The full listing, word for word and free of images, is the expected result.

━━ Dataset content ━━

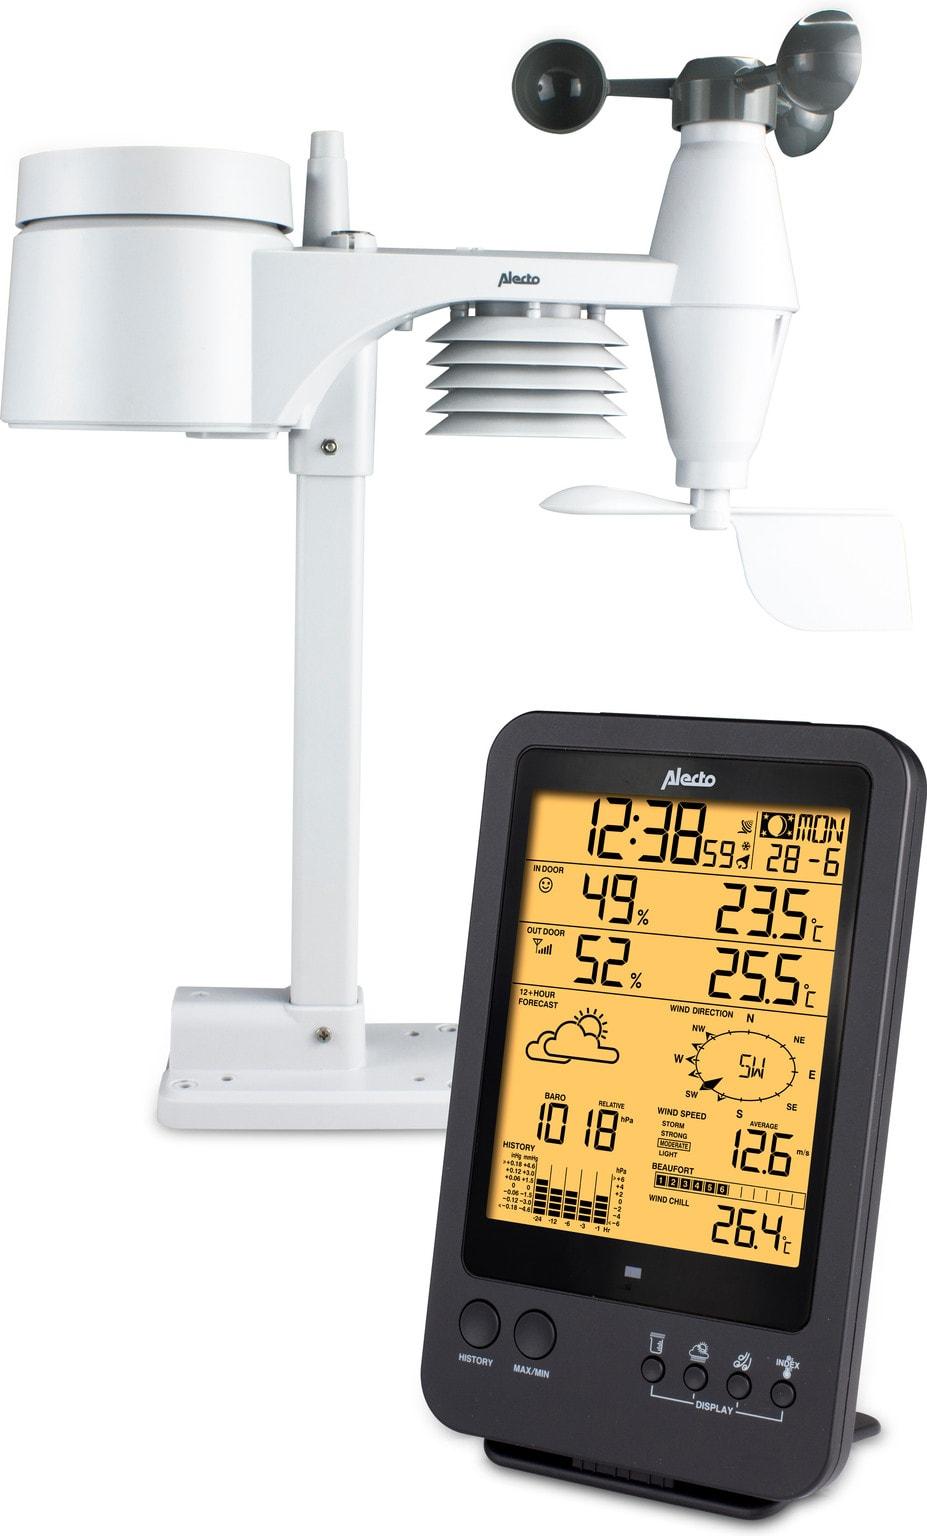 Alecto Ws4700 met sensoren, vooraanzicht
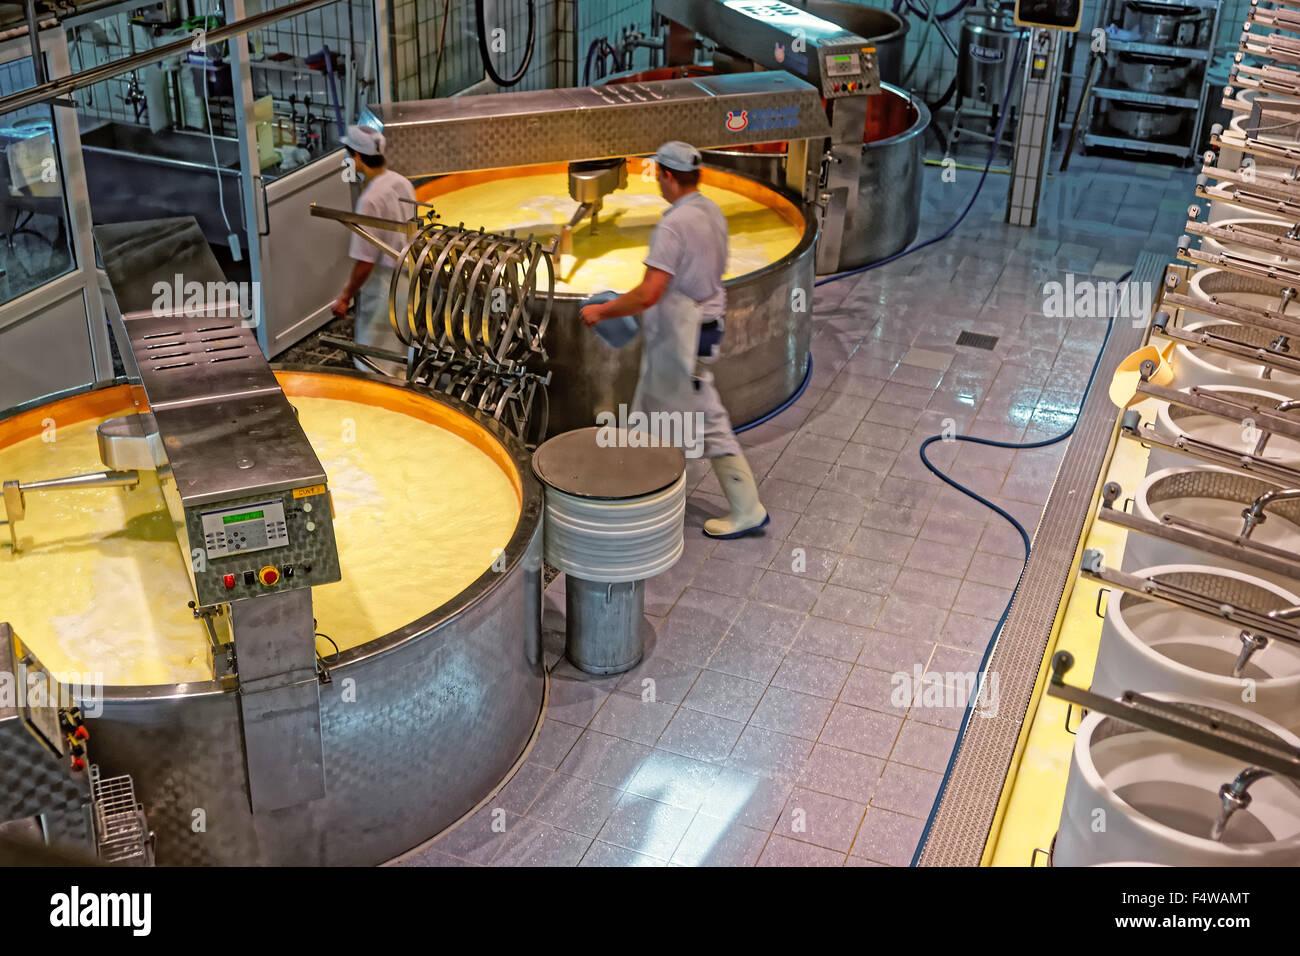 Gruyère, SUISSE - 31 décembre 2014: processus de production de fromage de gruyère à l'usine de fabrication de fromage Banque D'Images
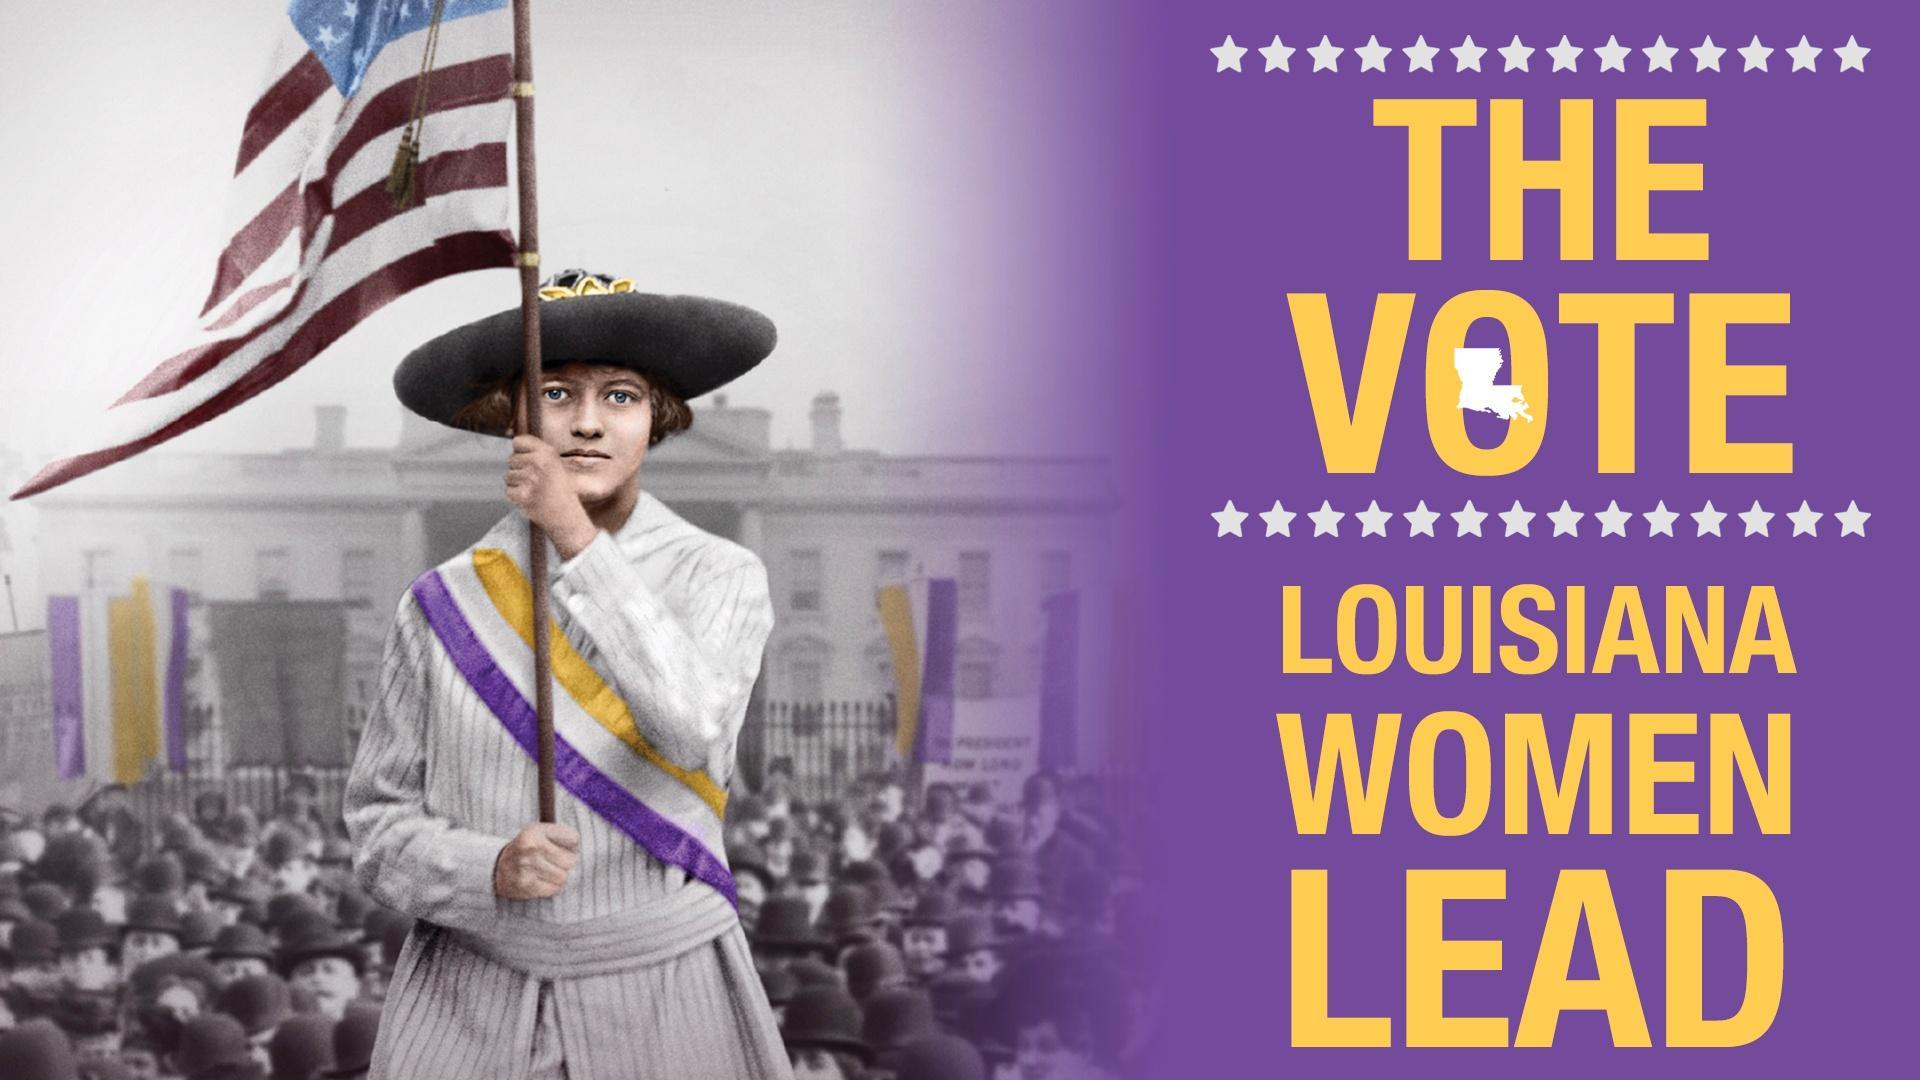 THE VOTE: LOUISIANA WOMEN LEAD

━━━

**Response to this exercise:**
 Alecto Ws4700 met sensoren, vooraanzicht
 Gruyère, SUISSE - 31 décembre 2014: processus de production de fromage de gruyère à l'usine de fabrication de fromage Banque D'Images
 THE VOTE: LOUISIANA WOMEN LEAD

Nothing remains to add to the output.